Understanding the Qualities of Vāta Season


Vata season sneaks up on you. As the summer days dwindle into fall, we may feel we’re still in summer. The occasional cooler weather tempered by still sunny days; the heat of summer finally abating in many places, making it feel good to get outside for those of us used to air conditioning. This shift, however, is one of the first signs of vata: mobility. Change, shift, fluctuation, movement is caused by the vata dosha in ayurveda.

Vata is the combination of ether and air. In order for there to be movement, there must be space, and air moves that which is blows on… or it dries it out, another Vata quality. As we find ourselves firmly in fall, the leaves drying and falling, we become firmly planted in this season of degeneration – letting what will slough off, die off, and shed do so, creating the opportunity for new life in the spring. The temperature shifts from fluctuation to cold, and you may start to experience those clear, bright, and cooler winter days where you can see the the brightness of the sun illuminating all around you, but you feel the piercing elements on the cloudless days – sharp, bright, penetrating to your core.

As with all of the doshas, there is no good or bad, simply in balance and out of balance. Vata dosha is needed to propel us in any way – through the cycles of seasons and time, to move our blood and fluids throughout the body, to fuel our creative thoughts, to bring the breath in and out of the body. With the natural flow of the doshas, Vata will build, these qualities building with them, and in time, Kapha will accumulate to pacify this movement to bring us back to earth.

Vata in excess, however, can lead to our diminishing health, which is so common in this season. The dry, rough qualities in excess lead to dehydration in the body, which may manifest itself as dry skin, constipation, or a hoarse voice. The cold leads to the production of mucus, in excess congestion. The energetic qualities of light, mobile, subtle may bring about anxiety or insomnia if they are not tempered with their opposites – heavy, steady, tangible.
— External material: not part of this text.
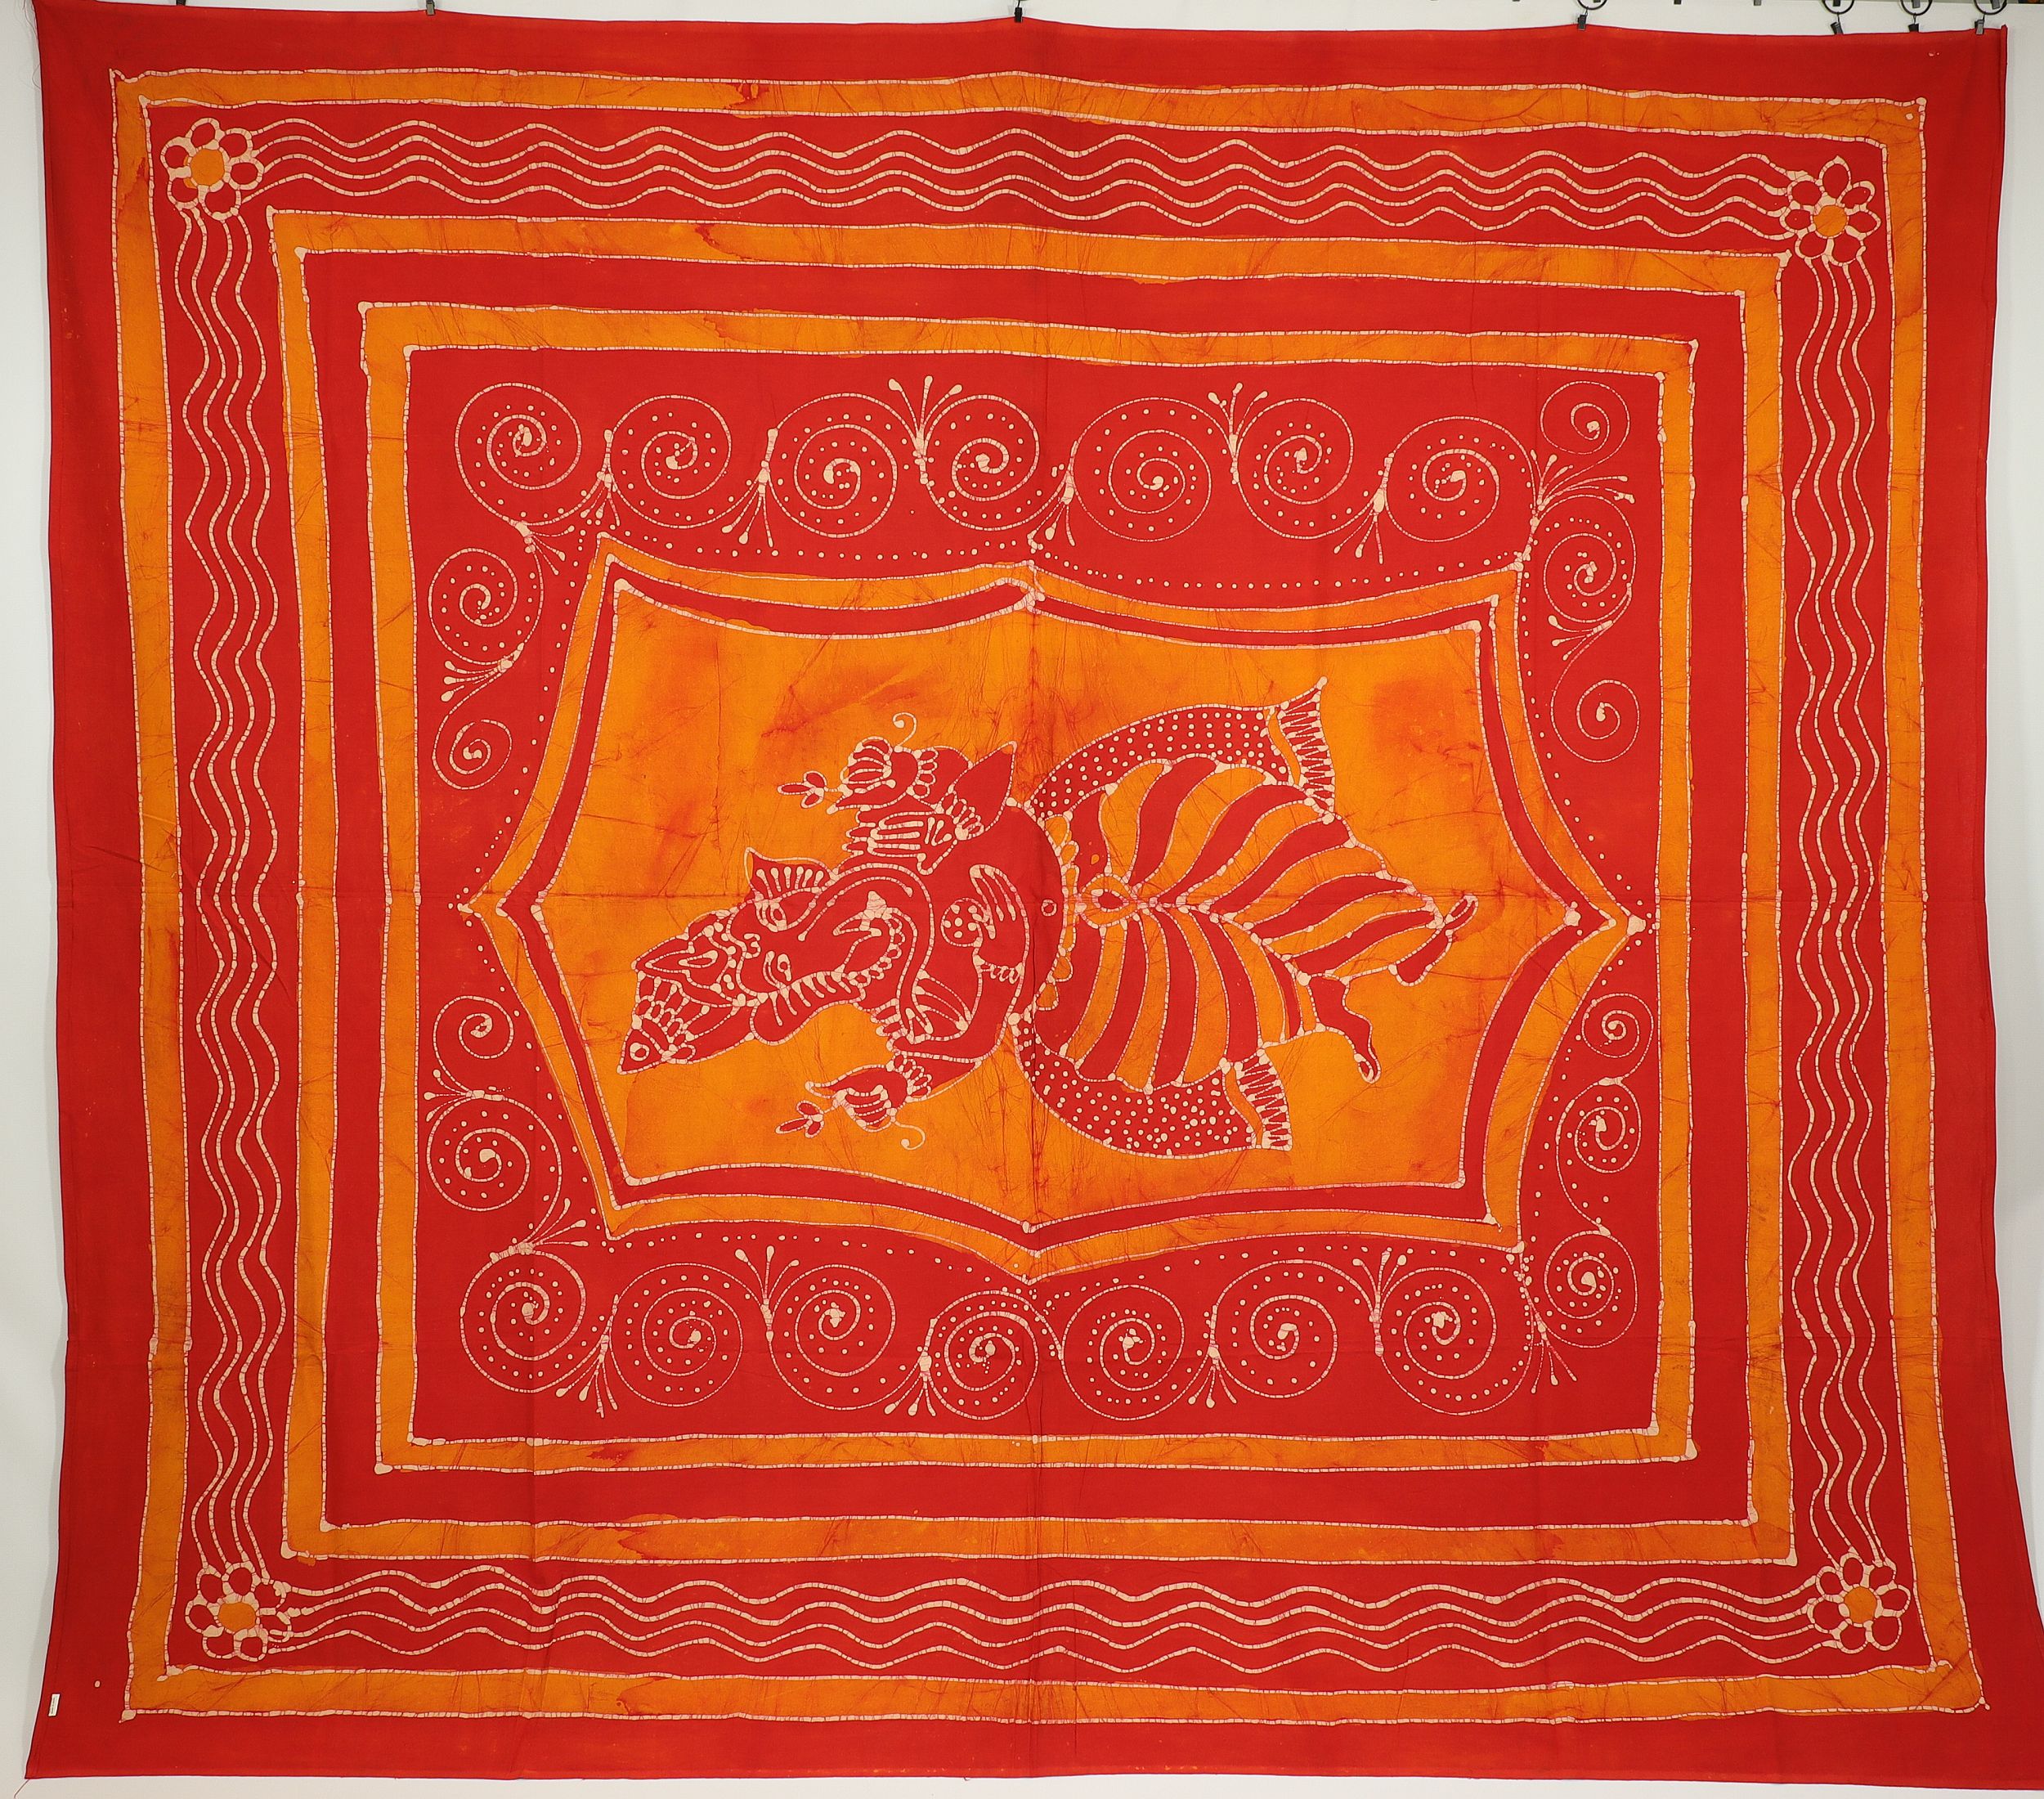 Wandtuch XXL 210x230 - Ganesha - 100% Baumwolle - detailreicher indischer Druck - mehrfarbig - dekoratives Tuch, Wandbild, Tagesdecke, Bedcover, Vorhang, Picknick-Decke, Strandtuch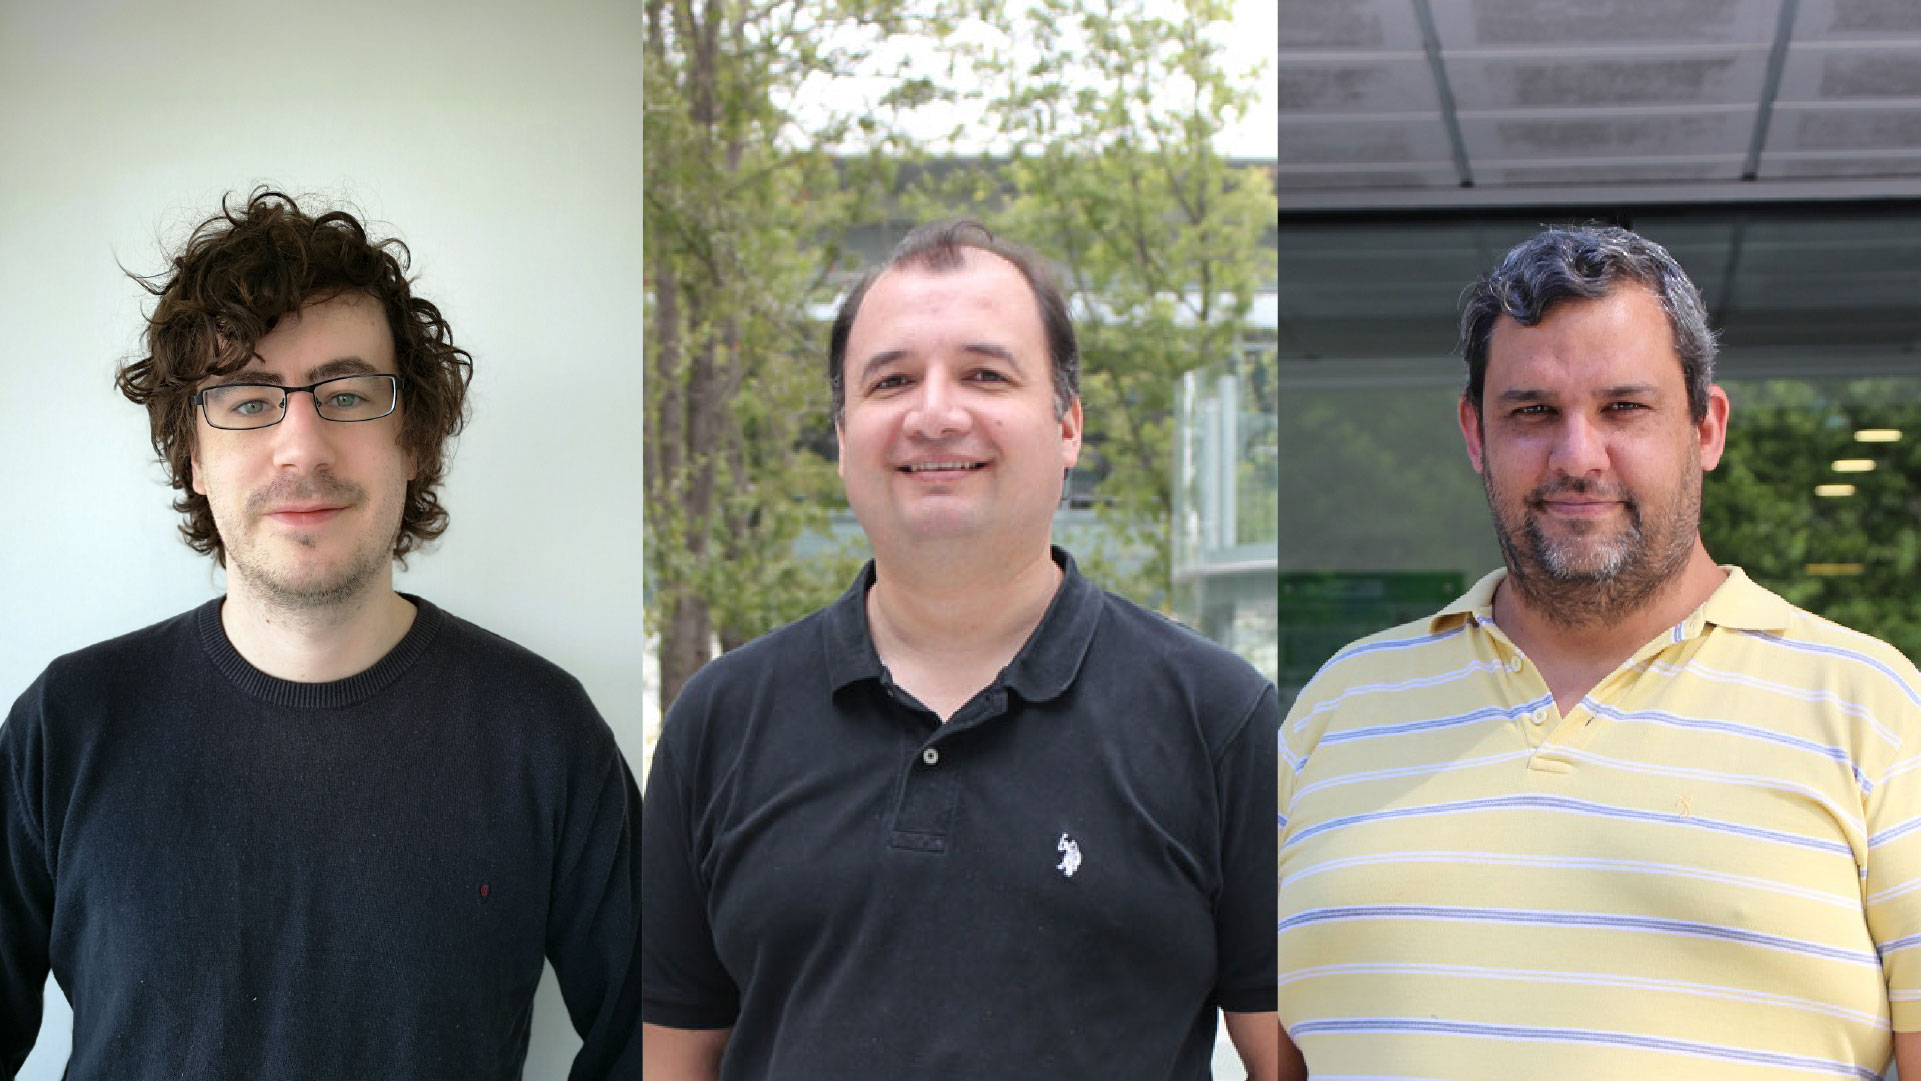 Los profesores del DCC Aidan Hogan, Benjamín Bustos y Gonzalo Navarro, participan en el desarrollo de este trabajo científico que será presentado en ACM SIGMOD, una de las conferencias principales de bases de datos.

We tend to exacerbate the vata qualities with our lifestyle, and the celebrations of holidays that happen around this time of year. We take in more information each day than our ancestors may have taken in a lifetime. Our brains are constantly context switching, or “multi-tasking”, jumping from thought to thought. We move from social obligation to social obligation this time of year, and while we may load up on some heavy, unctuous foods at these events, they typically aren’t of the best quality, which leads us to eat light, dry, raw foods in an attempt to balance out our caloric intake. Add to it quickly darting in from the cold, or continuing our early morning run in the chilly temps without the proper warmth, hopping on a plane to visit family, and the vata can slowly build until it reaches a tipping point in the body. You may experience typical vata symptoms, such as anxiety, insomnia, laryngitis, or an increase in chronic pain, but vata can also push the other doshas out of balance, so you may find an increase in kapha producing sinusitis or fatigue and lethargy.

So what to do to maintain your health during this time of year? Make sure to find balance through introducing the opposite qualities, especially if you are traveling or are in an extremely cold climate. Think warm, dense, unctuous, and steady. Beyond making sure you bundle up outside, maybe adding a scarf to your ensemble, you might enjoy a steam room or sauna at your local gym or spa. Make sure your foods are cooked, favoring stews, winter squash, wilted greens, and even a little meat this time of year. Make sure your food is well-spiced with warming spices such as cumin, cardamom, cinnamon, allspice, fresh ginger and garlic. Top your foods with a little tarka, sauteeing some mustard and cumin seeds in ghee and adding it to the finished product. Enjoy warmed drinks, and take some time for yourself. Whether to sit in stillness enjoying a mug of cocoa, or creating a new ritual like morning abhyanga, coating the body in oil and meditating before a warm shower, find time to enjoy a sense of quiet, letting the mind be still. Create a routine for your morning that you can do anywhere, so that you have a sense of steadiness no matter the place. Nasya is a wonderful practice to keep the nostrils well-lubricated this time of year.

What does your fall and winter season usually look like? Do you notice some of these qualities in your life? Are there practices you already do to pacify them? What one suggestion would you really like to work into this season to improve your health?